I don't mean to sound harsh but it surprises me that people acquire a large, intelligent working dog and expect it to stay in crate/cage to the dog, and expect it to not act up. 

First you have not had the dog long enough for her to believe when you leave that you are coming back. You should try leaving the house and telling her "We will be back (dog's name)." Come back in 15 minutes and tell her "See, we came back dog's name). Did you miss us?" Give her lots of praise. 

Try to do this several times a day while you are off on a Sat. or Sun. Let her learn to trust that when you say will return, you will. One of you can be home. She just needs to see one of you leave, tell her you will be back and then do it. Trust is something that builds over time. 

Take her with you to the bank or any drive through so she can see some of the things that you are doing while you are out of the house. Get her excited and say "Do you want to go for a ride?" Lowes will let you take your dog inside with you. You don't even need to buy anything. It is a good opportunity for her to be socialized with other people and other dogs if you luck out.

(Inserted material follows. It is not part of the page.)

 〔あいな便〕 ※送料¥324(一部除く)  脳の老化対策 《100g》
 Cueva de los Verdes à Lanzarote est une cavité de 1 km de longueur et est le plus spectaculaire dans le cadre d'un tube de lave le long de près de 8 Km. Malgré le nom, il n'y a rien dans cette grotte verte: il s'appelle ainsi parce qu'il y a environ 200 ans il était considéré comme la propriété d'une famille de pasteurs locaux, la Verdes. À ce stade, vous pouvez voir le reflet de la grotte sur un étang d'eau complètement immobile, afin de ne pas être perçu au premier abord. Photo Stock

Second, her defecating in house is a stress behavior. It might help to feed her at the same time every day as soon as you get home and wait 20 minutes and let her out. In that 20 minutes you should give her lots of attention and play with her with a ball or toy to chase to move her bowels. In 20 minutes she should go outside.If she doesn't go, try it again. Pick up her water at 7-7:30 pm and no more until morning. Get up early and give her a brisk walk and an opportunity to go potty again. 

GSDs are very smart animals and need a job. If they don't, they become bored and become destructive in one way or another. Yours is going potty in the house. Some eat the couch. 

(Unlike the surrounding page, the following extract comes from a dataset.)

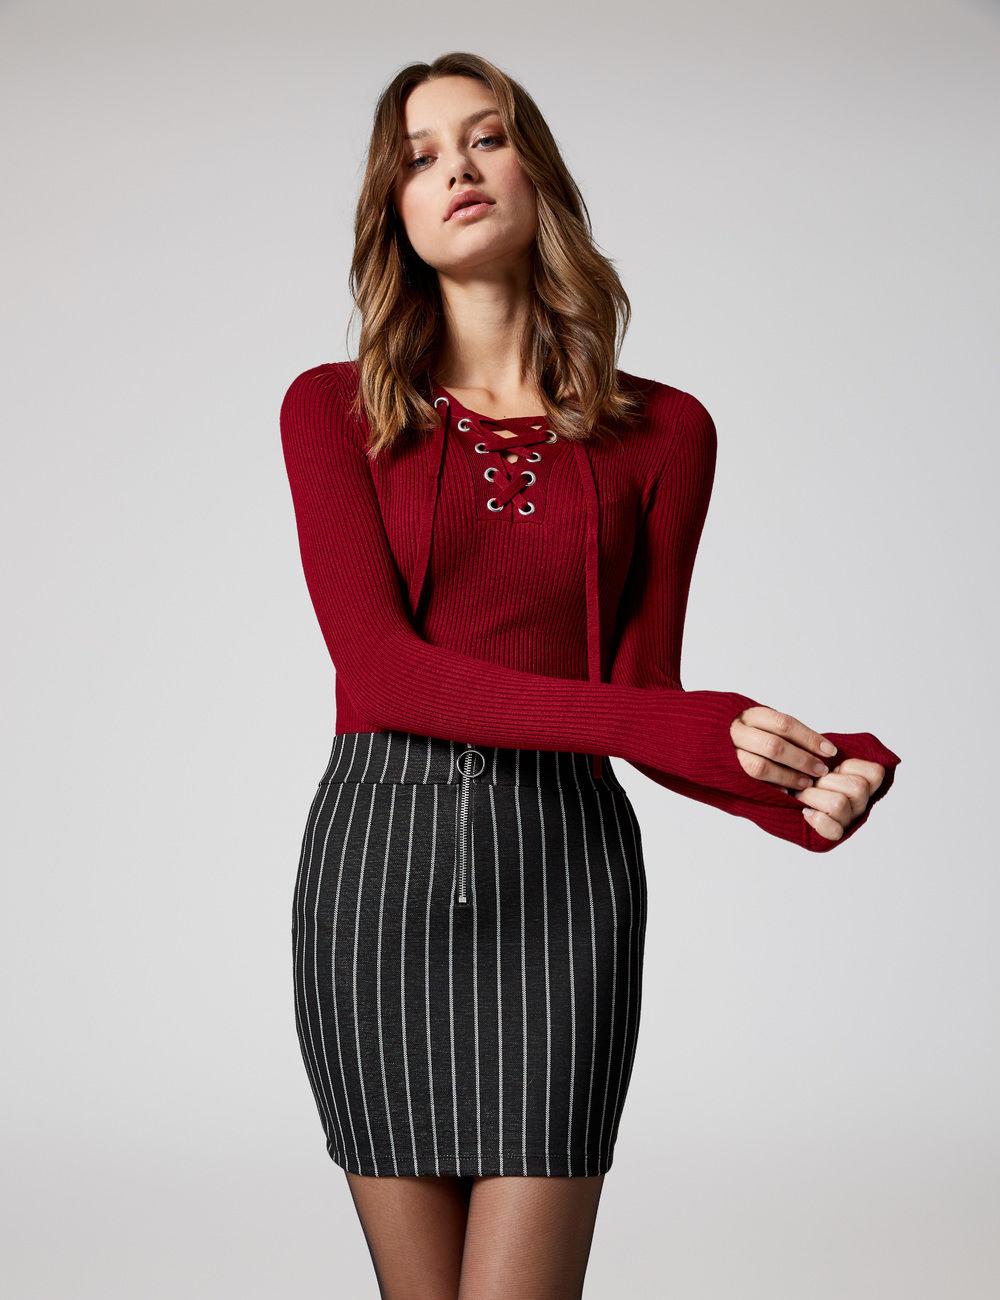 jupe tube rayée et zippée noire et blanche Jennyfer prix 12,99 €

The issue is partly you. You got a dog that you don't have enough time to give her. A walker is great or someone that can give her a physical workout in your yard playing fetch to make her tired or a walk to relieve tension. She will have ample time during that period to relieve herself. 

Get her a soft toy that is hers. Have her sleep with it and keep it near her. I have found that a raised bed can be a comfortable alternative to the floor. You can get them for about $20 in Amazon. I put a fluffly blanket on mine that is soft. 

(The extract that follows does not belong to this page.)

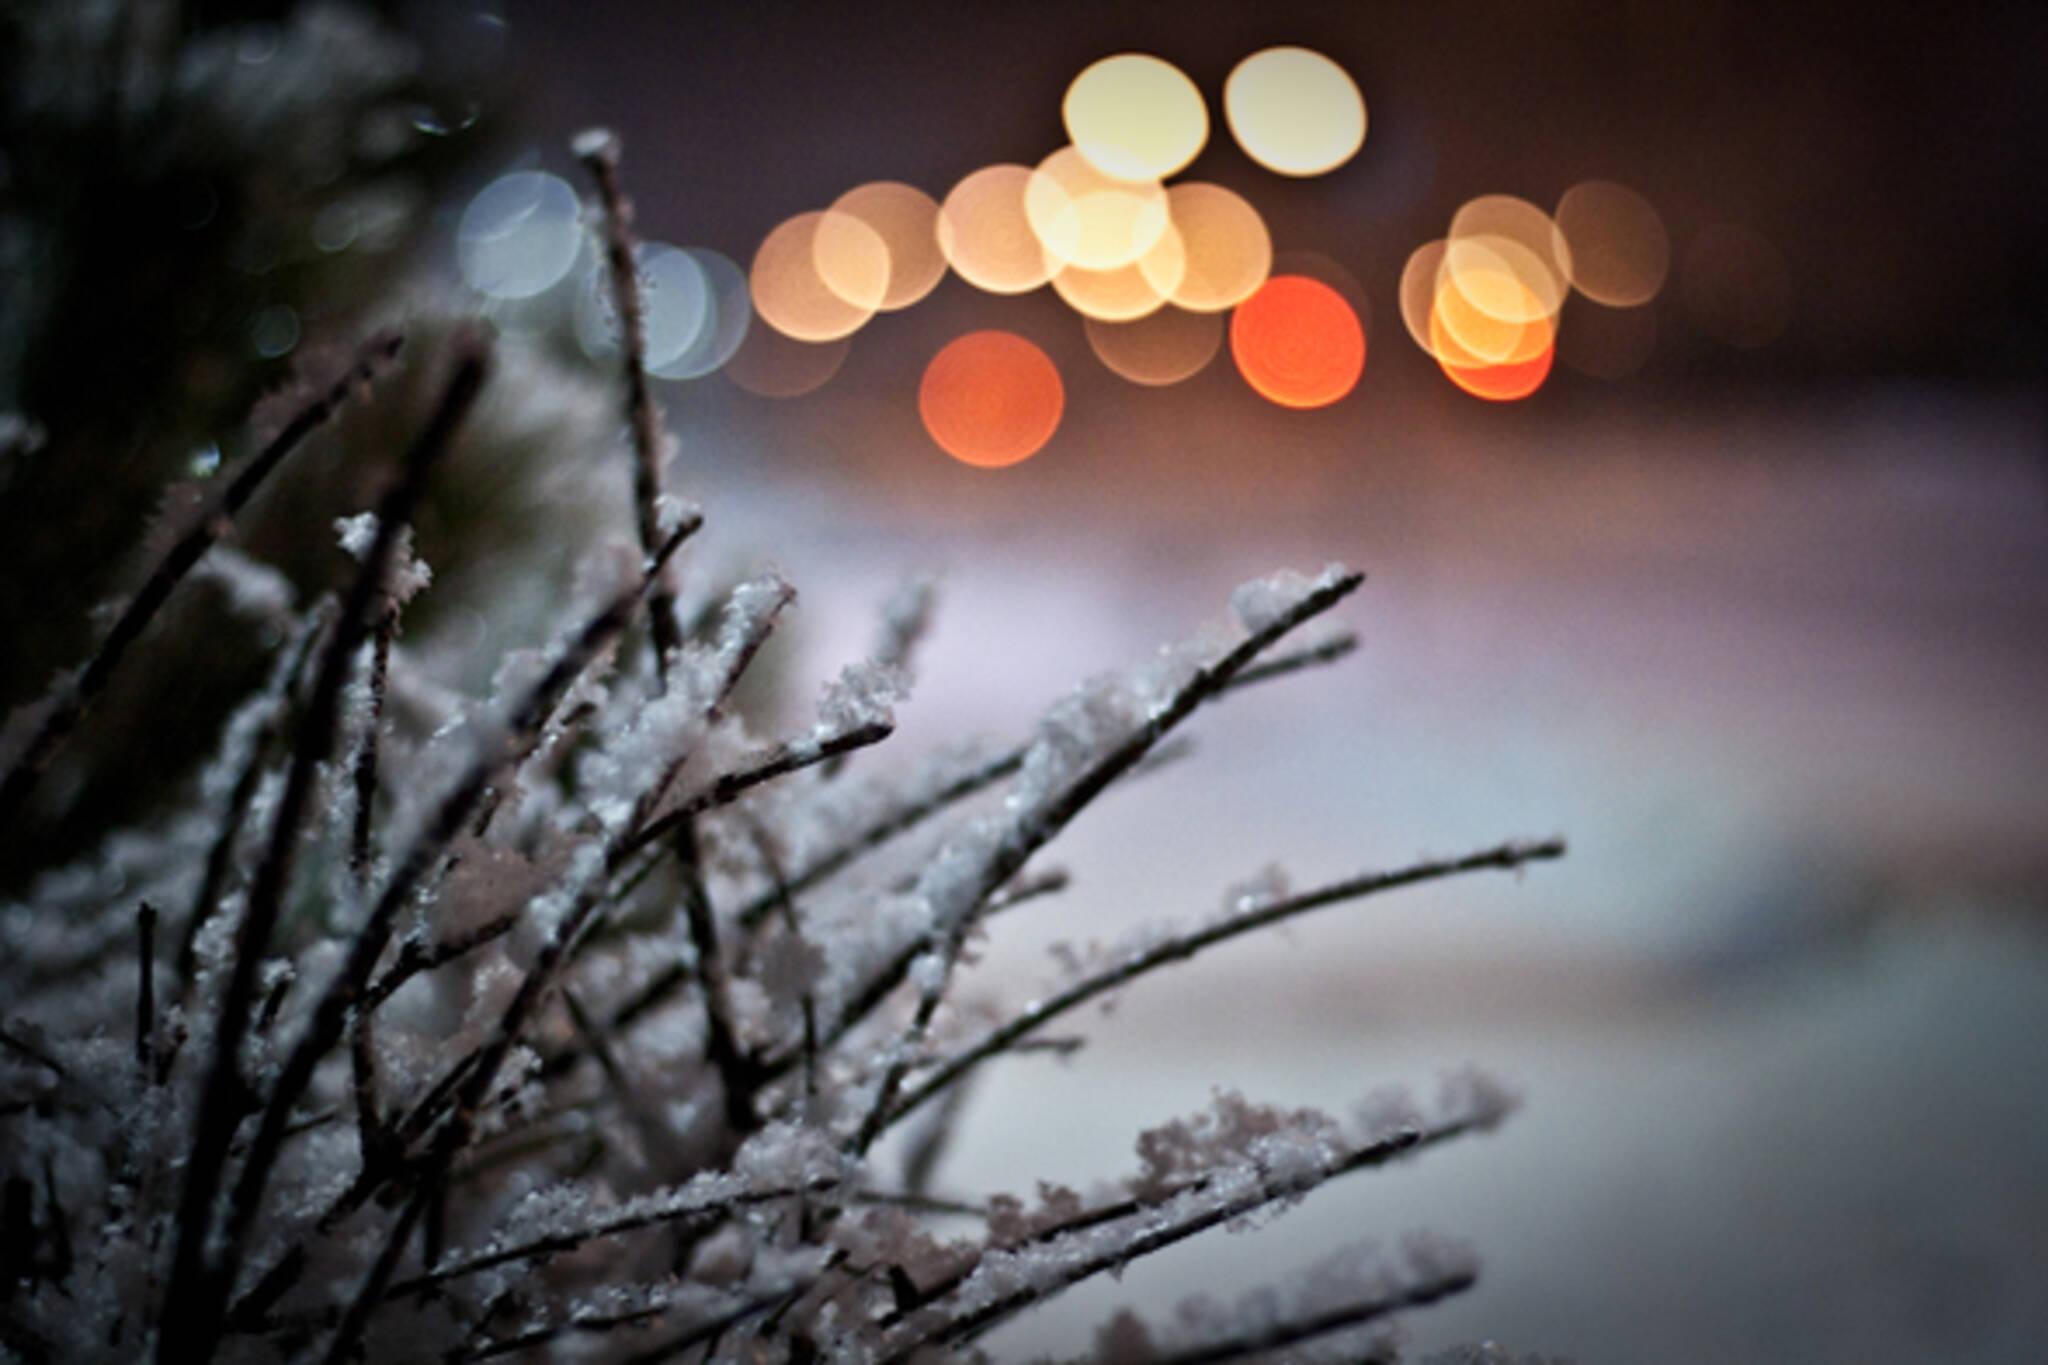 Toronto snowfall

Hide toys around the house and make her go look for them. You may have to go with her to start. Teach her to put them in a basket that if for her toys. This will give her a job to do while you are away. They have great "whistler" balls on Amazon that if you give them two they can entertain themselves for quite some time. 

i guess all this is a) teach her to trust you that when you leave you will be back. Start with a small amount of time and increase it as she is better coping with it. b) be aware of when you feed her for the day, the earlier the better and not in the morning. Never give her people food. Ever. c) Keep her mind busy and challenged. There are Kongs out there that you can fill with small dry treats or her dog food. She will have to knock it around to get the treats out. d) I would confine her to the basement until the pottying in the house stops. You might want to toss a few newspapers where she usually goes. If you don't remove all of the odor she will return there. There are many good enzyme cleaners that will help eliminate the odors.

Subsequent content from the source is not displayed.